What Is an Operating System
In simple terms, an operating system is a manager. It manages all the available resources on a computer. These resources can be the hard disk, a printer, or the monitor screen. Even memory is a resource that needs to be managed. Within an operating system are the management functions that determine who gets to read data from the hard disk, what file is going to be printed next, what characters appear on the screen, and how much memory a certain program gets.
Another function of the operating system is to keep track of what each program is doing. That is, the operating system needs to keep track of whose program, or task is currently writing its file to the printer or which program needs to read a certain spot on the hard disk, etc. This is the concept of multi-users, as multiple users have access to the same resources

Processes
One basic concept of an operating system is the process. If we think of the program as the file stored on the hard disk or floppy and the process as that program in memory.
A process is more than just a program. Especially in a multi-user, multi-tasking operating system such as UNIX, there is much more to consider. Each program has a set of data that it uses to do what it needs. Often, this data is not part of the program. For example, if you are using a text editor, the file you are editing is not part of the program on disk but is part of the process in memory. If someone else were to be using the same editor, both of you would be using the same program. However, each of you would have a different process in memory.programs are read from hard-disk to become a process.

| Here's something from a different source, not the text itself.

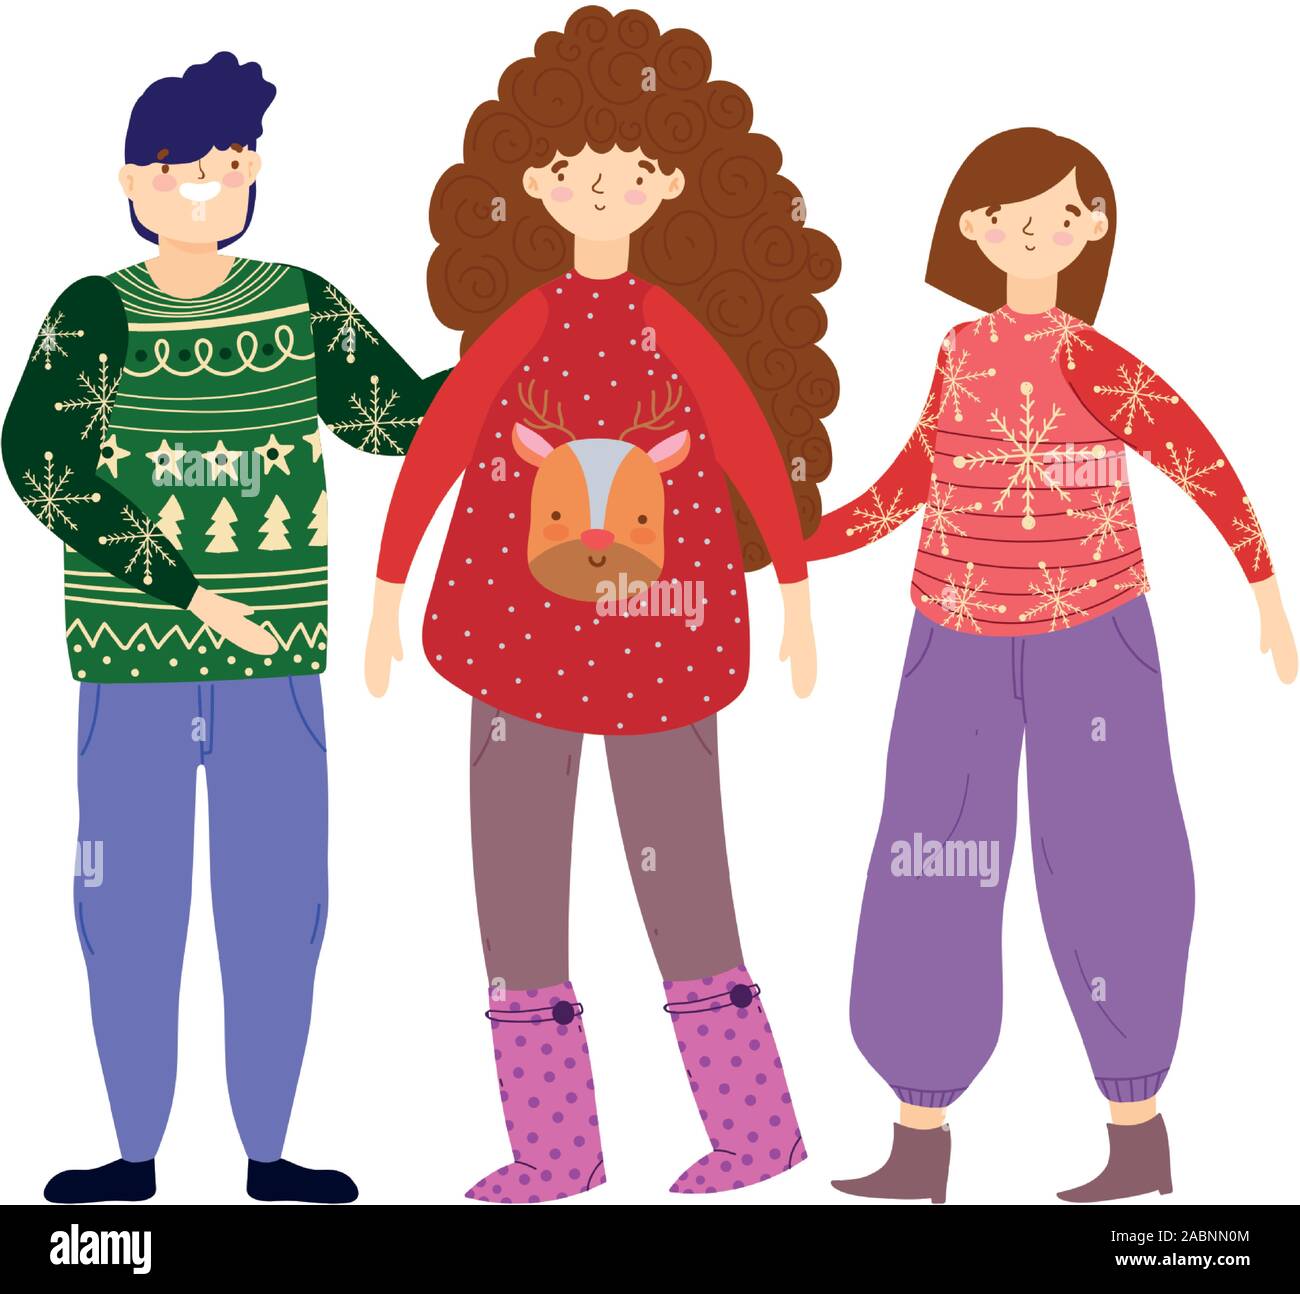 merry christmas celebration people wearing ugly sweaters vector illustration Stock Vector

With the exception of the init process (PID 1) every process is the child of another process. In general, every process has the potential to be the parent of another process. Perhaps the program is coded in such a way that it will never start another process. However, this is a limitation of that program and not the operating system. A process has only one parent but may have many children

The processors used by Linux (Intel 80386 and later, as well as the DEC Alpha, and SPARC) have built-in capabilities to manage both multiple users and multiple tasks
In addition to user processes, such as shells, text editors, and databases, there are system processes running. These are processes that were started by the system. Several of these deal with managing memory and scheduling turns on the CPU. Others deal with delivering mail, printing, and other tasks that we take for granted. In principle, both of these kinds of processes are identical. However, system processes can run at much higher priorities and therefore run more often than user processes.
Typically a system process of this kind is referred to as a daemon process or background process because they run behind the scenes (i.e. in the background) without user intervention. It is also possible for a user to put one of his or her processes in the background. This is done by using the ampersand (&) metacharacter at the end of the command line.
What normally happens when you enter a command is that the shell will wait for that command to finish before it accepts a new command. By putting a command in the background, the shell does not wait, but rather is ready immediately for the next command. If you wanted, you could put the next command in the background as well.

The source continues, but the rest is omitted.